Microsoft CEO Satya Nadella speaks at the Axel Springer building in Berlin on Oct. 17, 2023. He received the annual Axel Springer Award.
Ben Kriemann | Getty Images
Among the thousands of Microsoft employees who lost their jobs in the cutbacks announced this week were 830 staffers in the company’s home state of Washington.
Nearly a dozen game design workers in the state were part of the layoffs, along with three audio designers, two mechanical engineers, one optical engineer and one lab technician, according to a document Microsoft submitted to Washington employment officials.
There were also five individual contributors and one manager at the Microsoft Research division in the cuts, as well as 10 lawyers and six hardware engineers, the document shows.
Microsoft announced plans on Wednesday to eliminate 9,000 jobs, as part of an effort to eliminate redundancy and to encourage employees to focus on more meaningful work by adopting new technologies, a person familiar with the matter told CNBC. The person asked not to be named while discussing private matters.
Scores of Microsoft salespeople and video game developers have since come forward on social media to announce their departure. In April, Microsoft said revenue from Xbox content and services grew 8%, trailing overall growth of 13%.
In sales, the company parted ways with 16 customer success account management staff members based in Washington, 28 in sales strategy enablement and another five in sales compensation. One Washington-based government affairs worker was also laid off.

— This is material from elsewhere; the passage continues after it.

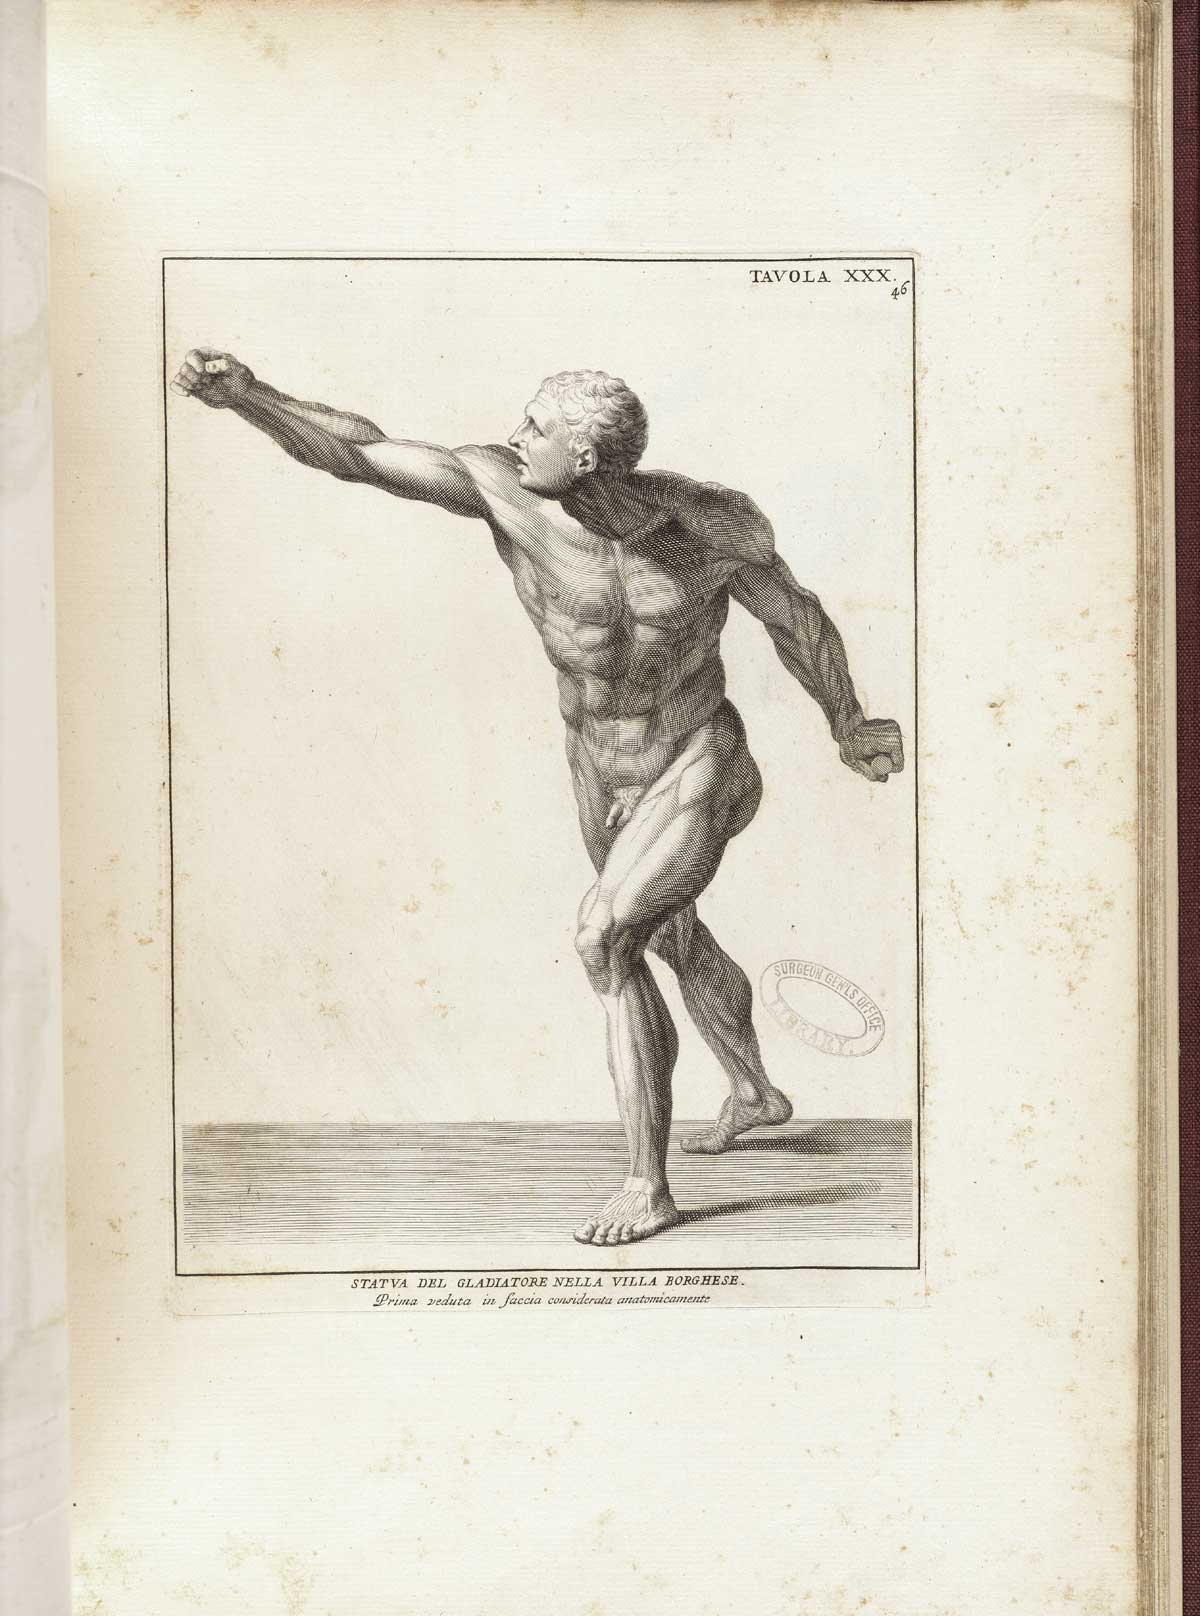 Engraving of the statue the Borghese Gladiator, a nude male figure lunging forward with his right hand raised as if with a sword to fight an opponent on horseback; the figure’s chest and torso are facing the viewer, but the actor faces his opponent to the left of the page; from Bernardino Genga’s Anatomia per uso et intelligenza del disegno, NLM Call no.: WZ 250 G329an 1691.

Microsoft eliminated 17 jobs in cloud solution architecture in the state, according to the document. The company’s fastest revenue growth comes from Azure and other cloud services that customers buy based on usage.
CEO Satya Nadella has not publicly commented on the layoffs, and Microsoft didn’t immediately provide a comment about the cuts in Washington. On a conference call with analysts in April, Microsoft CFO Amy Hood said the company had a “focus on cost efficiencies” during the March quarter.